AP Statistics Inference Review: Confidence Intervals vs Hypothesis Tests

Statistical inference is the backbone of the AP Statistics exam. Units 6 through 9 in the official AP Statistics curriculum all revolve around one central idea: using data from a sample to draw conclusions about a population. Whether you are constructing a confidence interval or conducting a significance test, the process demands careful attention to conditions, correct formulas, and precise language. This guide breaks down what each inference procedure tests, how confidence intervals and hypothesis tests differ conceptually, the most common mistakes students make, and a set of worked practice problems to sharpen your skills before exam day.

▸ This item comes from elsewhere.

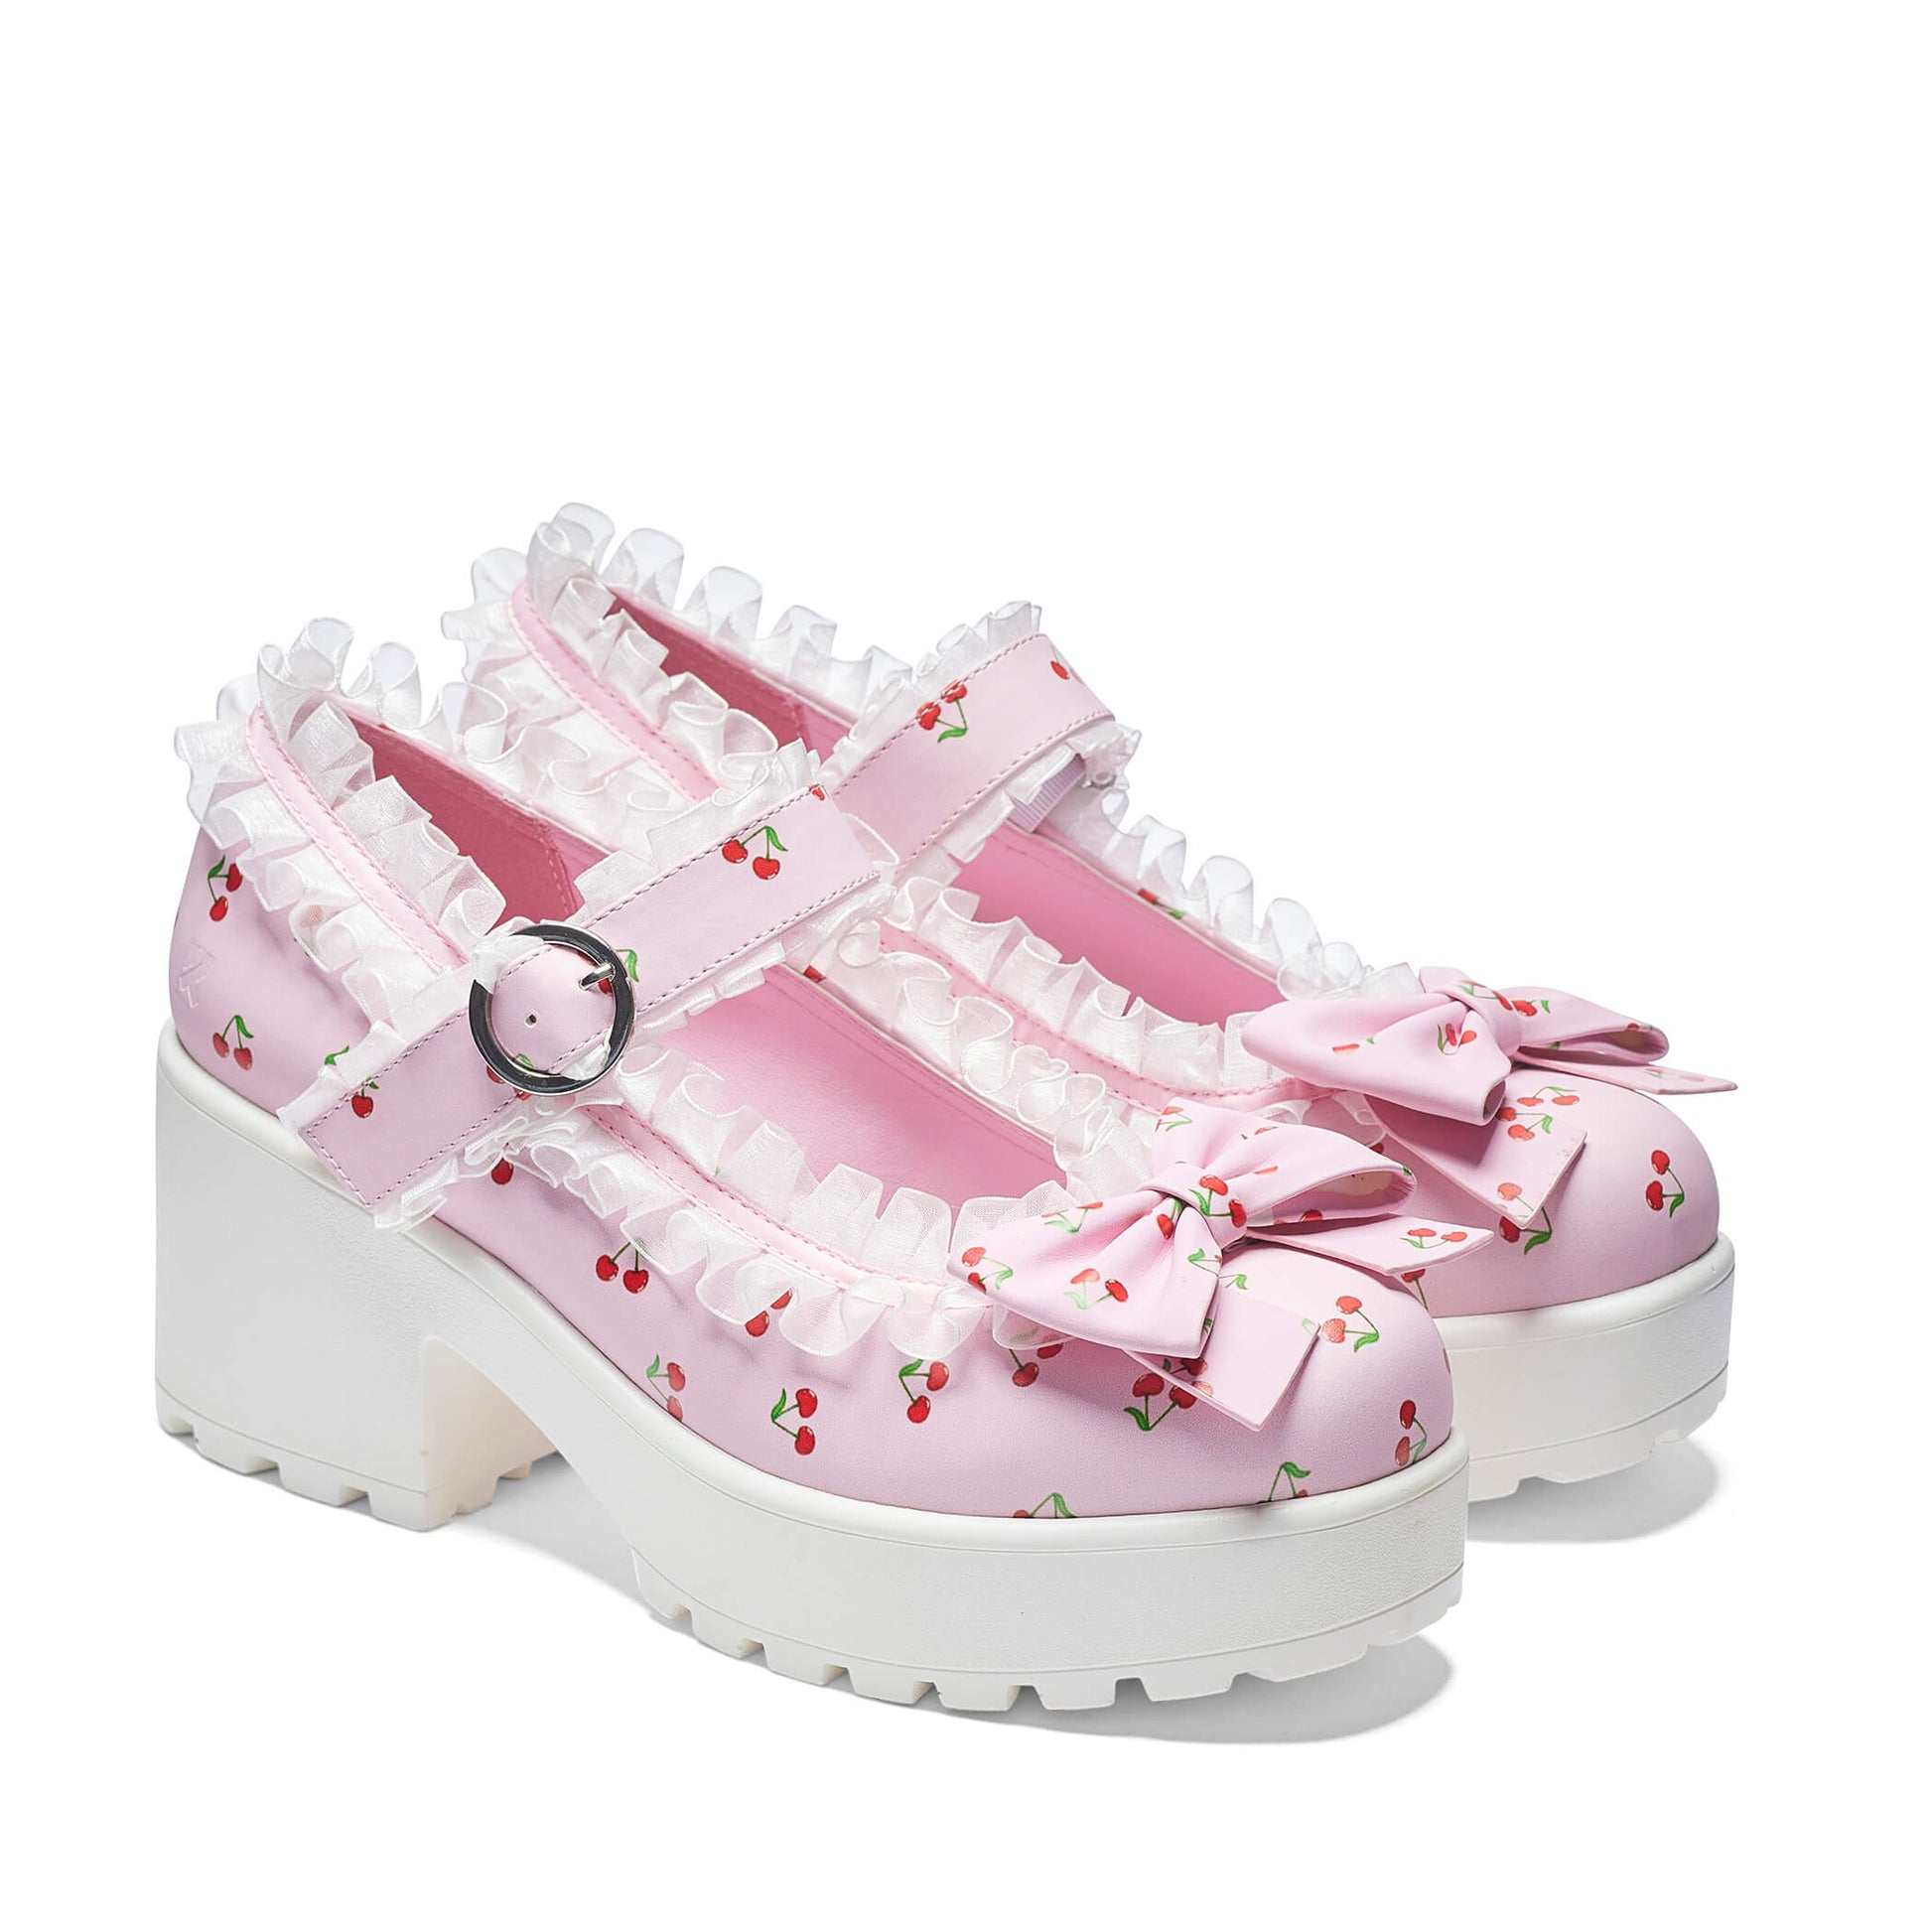 Tira Mary Janes Shoes 'Pink Cherry Bakewell Edition' - Mary Janes - KOI Footwear - Pink - Three-Quarter View

ViewMath is an independent publisher and is not affiliated with or endorsed by the College Board, Advanced Placement, or any AP exam program. Always verify current course and exam information with College Board directly.

Official source checked: College Board’s AP Statistics course page lists inference across Units 6-9, including proportions, means, chi-square procedures, and slopes, with current exam-unit weight ranges.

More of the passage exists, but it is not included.